Gary Wockner is director of the Save The Colorado River Campaign, which provides funding for community river preservation organizations throughout the Colorado River basin. Wockner contributed this article to LiveScience's Expert Voices: Op-Ed & Insights.
More than 35 million people throughout the southwestern United States and northern Mexico depend on the Colorado River's water. In 30 years, that total number is likely to double.
That's why so many call the Colorado the "lifeblood of the West."
The warming, drying climate of the Southwest is hitting the river hard. We now know that drought is likely to be the new normal in the Colorado River basin — scientists tell us that climate change could reduce the amount of water in the Colorado River ecosystem by 9 to 20 percent. Predictions of climate change and water usage draining the famed Lake Mead and Lake Powell dry are a small, but real, part of that picture.
This year is proving no exception. Scientists with the National Oceanic and Atmospheric Administration (NOAA) now say that the April through July inflow into Lake Powell, the largest reservoir in the Upper Colorado Basin, will be a mere 2.7 million acre-feet — the lowest amount since NOAA began issuing forecasts in 1979. Combined inflows from this year and last year's runoff seasons are likely to be the driest since Lake Powell began filling in behind the Glen Canyon Dam in September 1969.
Around the state of Colorado, communities are preparing for another year of epic drought. On May 1, 2013, Denver Water (which uses a lot of Colorado River water) and Colorado Parks and Wildlife will close Antero Reservoir in Park County, Colo., and drain the reservoir to save water. In Fort Collins, the Cache la Poudre River is running at historic lows and is still clogged with ash, soot and debris swept down from last year's historic forest fires. Fort Collins is now relying almost solely on the Colorado River for drinking water supplies.
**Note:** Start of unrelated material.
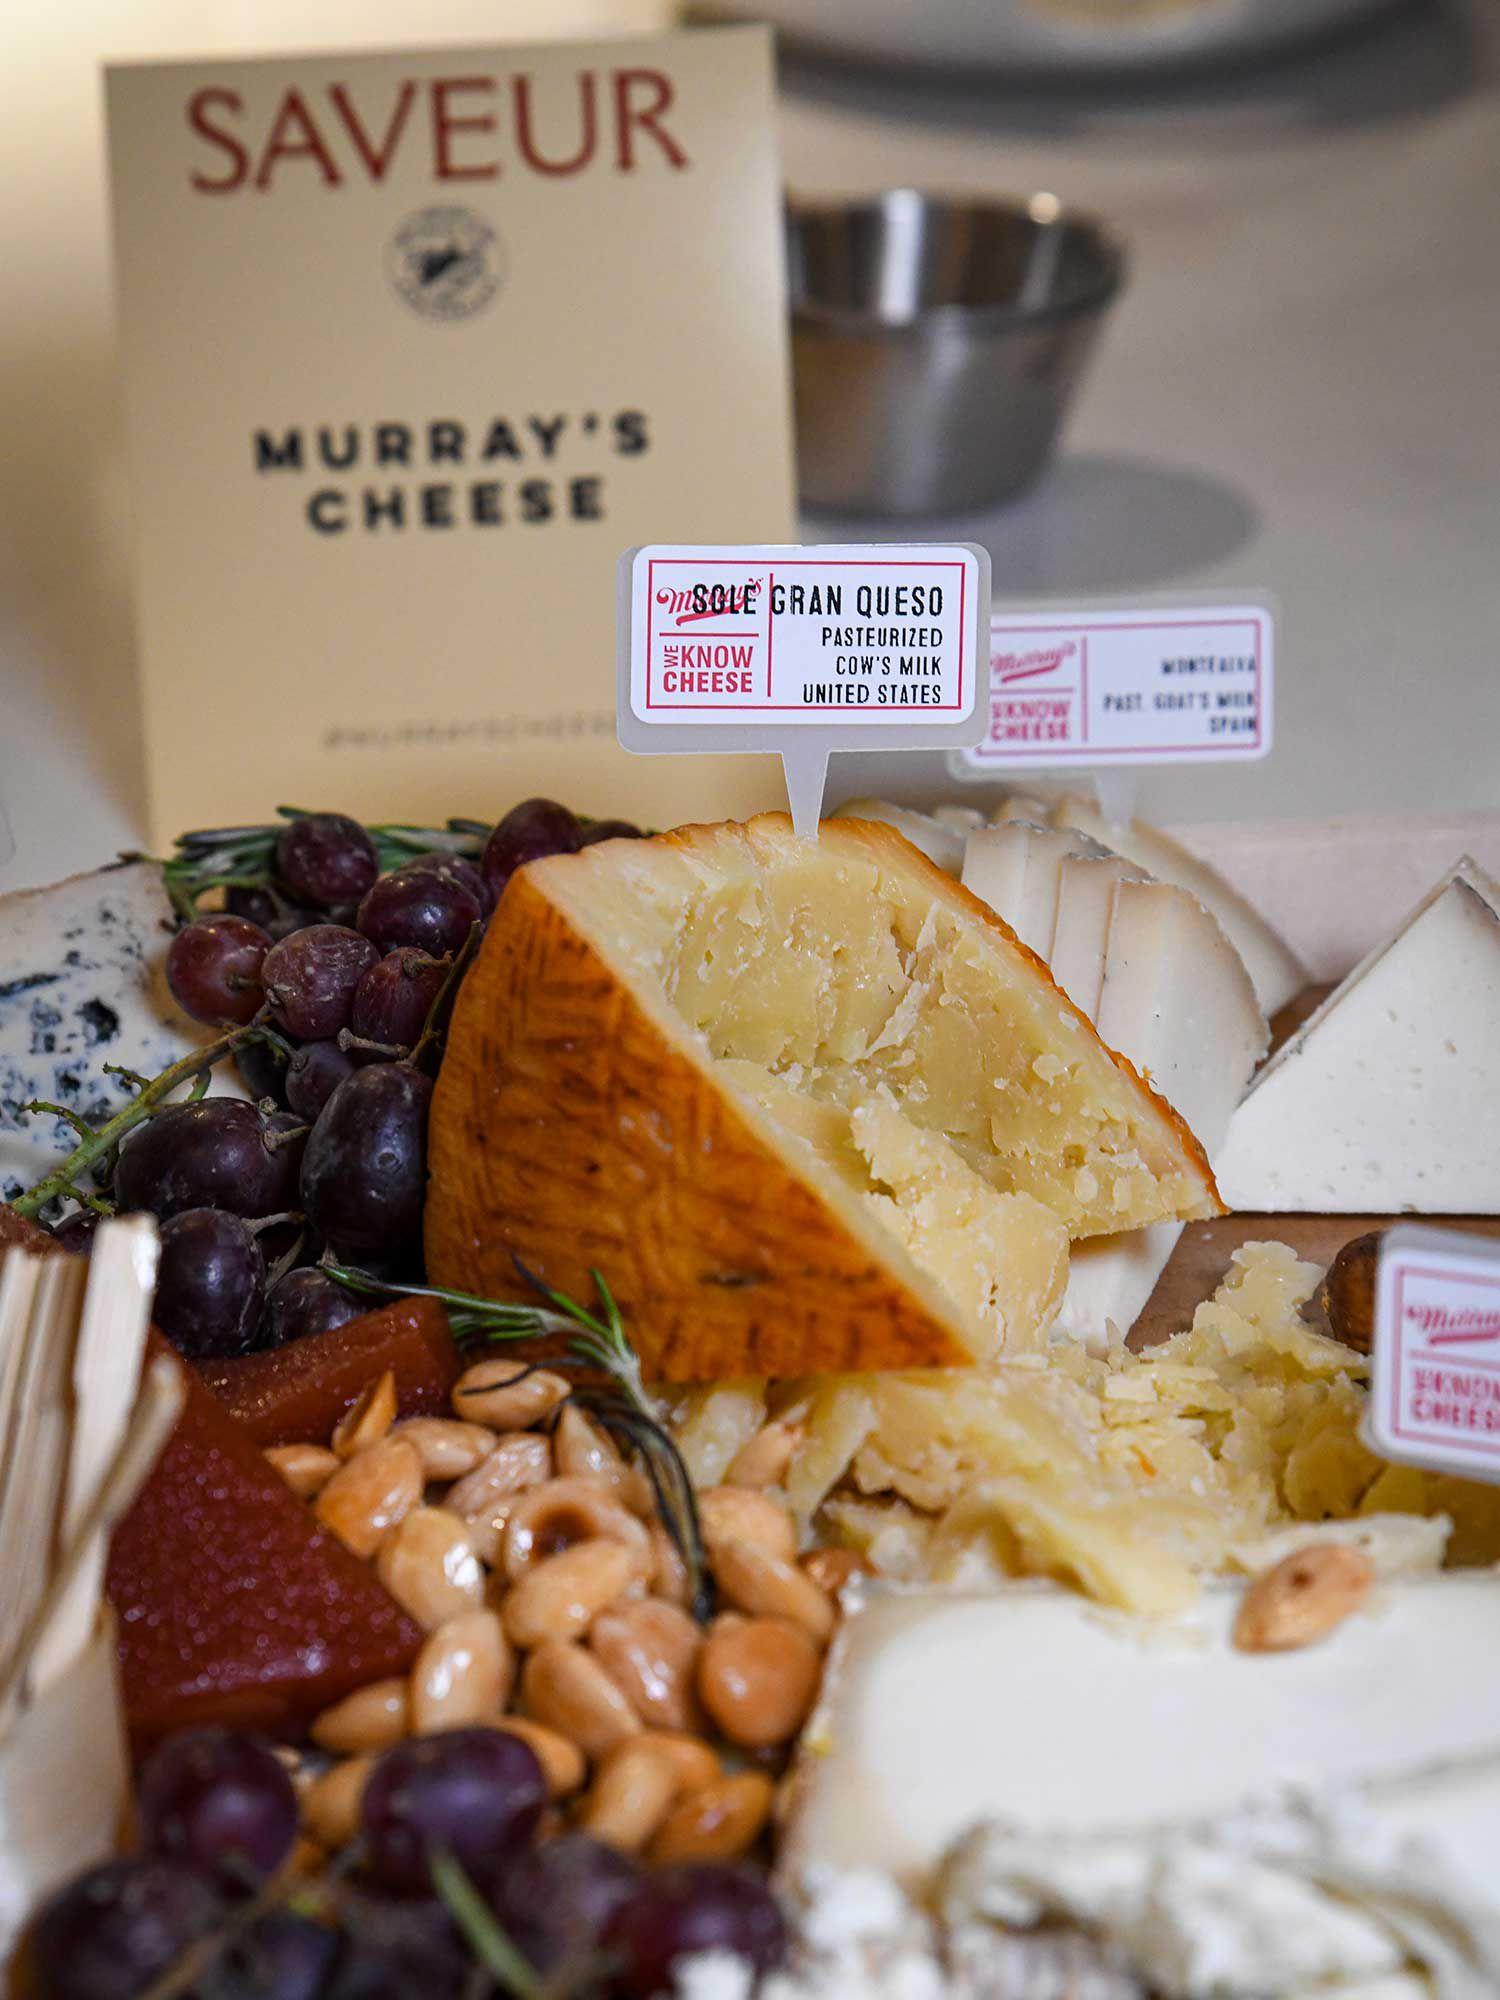 "<a href=""https://www.murrayscheese.com/?gclid=CjwKCAiAg9rxBRADEiwAxKDTuumxrqixItBe2xURgfjPGYSxqGr9X9bFMtVI8CgtfUSFOdabDD4vzBoCaU0QAvD_BwE"">Murray's Cheese</a> supplied beautiful cheese boards for the event."

Against that dire backdrop, cities and states throughout the Colorado basin unfortunately continue to bark up the wrong tree — proposing dam, reservoir, pipeline and energy projects that would drain the last drops of the free-flowing Colorado River and its tributaries, instead of aggressively focusing on water conservation, efficiency and a rapid shift away from dirty energy projects.
Today, demand on the river's water exceeds supply, leaving the river so over-tapped that it no longer flows to the sea. A century of water management policies and practices that have promoted wasteful water use have put the river at a critical crossroads.
The good news is that the federal government has stepped up its efforts to address this endangered river, with a comprehensive study completed by the Department of the Interior in 2012. Now it's time for Congress to follow up with robust funding for water conservation programs throughout the basin, and especially for investments to increase the efficiency of water projects that are already built, as well as restoration funds for the river's critical habitats.
There is enough water in the river to sustain both human and natural communities, but only if it's used wisely. Gone are the days when we can build another dam or pipeline on the Colorado River and worry about its impacts later. Today, there just isn't any more water left — the river is endangered.
The views expressed are those of the author and do not necessarily reflect the views of the publisher.